Fix CRT shader: rewrite to NV12, remove scale_opencl format conversions

scale_opencl does not support rgba output in this jellyfin-ffmpeg build. Rewrite the OpenCL kernel to accept and emit NV12 planes directly (src_y, src_uv, dst_y, dst_uv) doing YCbCr↔RGB conversion internally. Remove the scale_opencl=format=rgba and scale_opencl=format=nv12 wrappers from GetCrtShaderOclFilters — program_opencl alone is enough. VAAPI decoder path: hwdownload+hwupload to QSV (safe; program_opencl creates new output frames without a VAAPI reverse link). Co-Authored-By: Claude Sonnet 4.6 <noreply@anthropic.com>
2026-02-26 01:19:55 +01:00
parent 26668426d4
commit 1325603fd0
2 changed files with 111 additions and 76 deletions
--- a/Jellyfin.Server/Resources/Shaders/crt_lottes.cl
+++ b/Jellyfin.Server/Resources/Shaders/crt_lottes.cl
@@ -8,8 +8,12 @@
 // Permission to use, copy, modify, and/or distribute this software for any
 // purpose with or without fee is hereby granted, provided that the above
 // copyright notice and this permission notice appear in all copies.
+//
+// Input/output: NV12 (Y plane + interleaved CbCr plane).
+// Kernel signature: (src_y, src_uv, dst_y, dst_uv)
+// FFmpeg program_opencl passes one image2d_t per plane in plane order.

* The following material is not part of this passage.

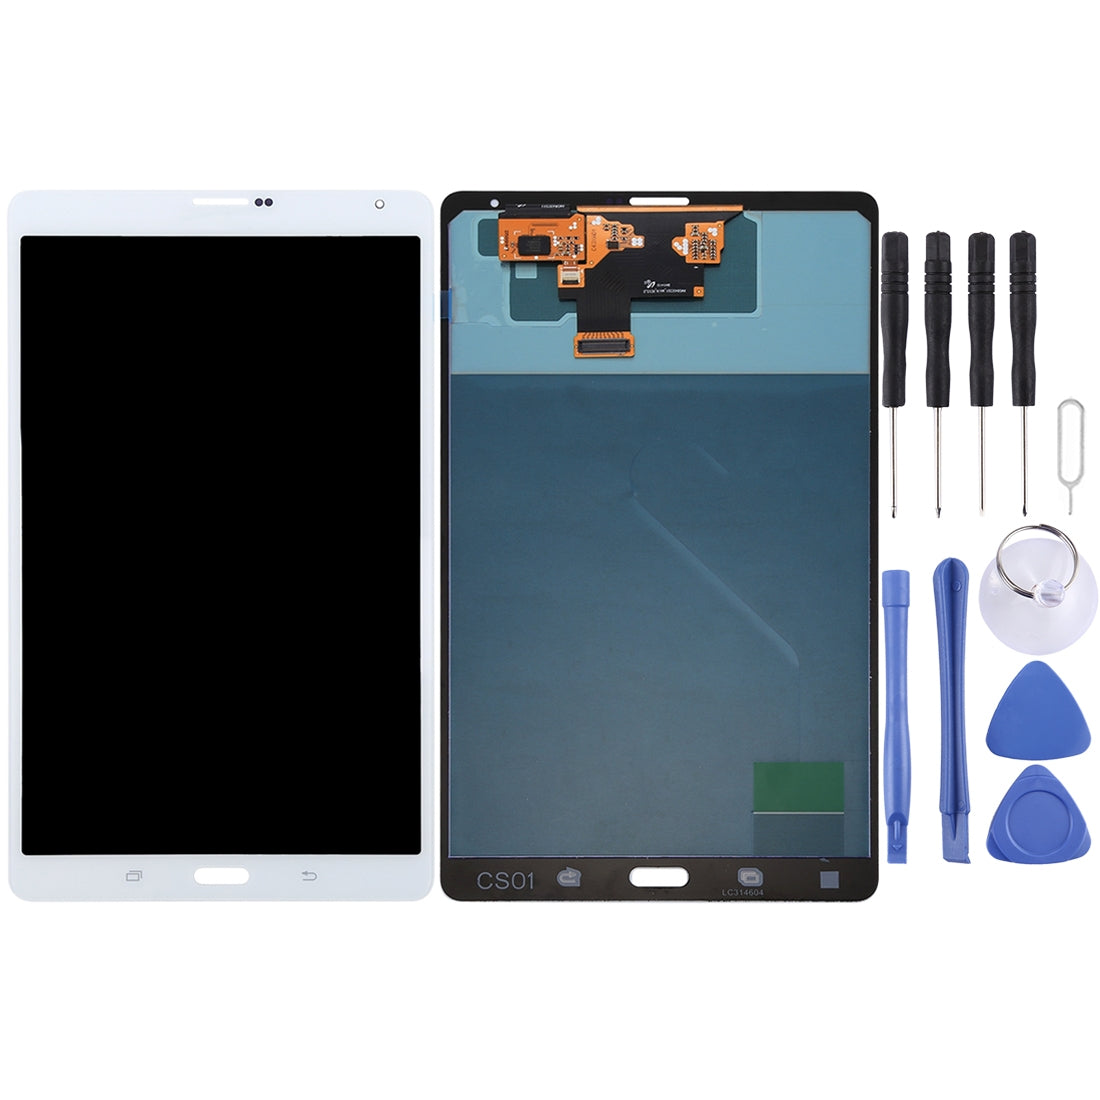 LCD Screen + Touch Digitizer Samsung Galaxy Tab S 8.4 LTE T705 White

-// ── Parameters (override via build_opts, e.g. -DSHADOW_MASK=2) ───────────────
+// ── Parameters ────────────────────────────────────────────────────────────────
 #ifndef HARD_SCAN
 #define HARD_SCAN       (-8.0f)
 #endif
@@ -61,27 +65,29 @@ static float3 delinearize_rgb(float3 c)
    return c;
 }

-// ── Texture helper ────────────────────────────────────────────────────────────
+// ── NV12 fetch helper ─────────────────────────────────────────────────────────
+// Reads Y + CbCr from NV12 planes and returns linearised RGB.
+// Both planes use the same normalised coordinates [0,1]; the UV plane is
+// half-resolution but the sampler maps the same normalised position to the
+// corresponding chroma sample automatically.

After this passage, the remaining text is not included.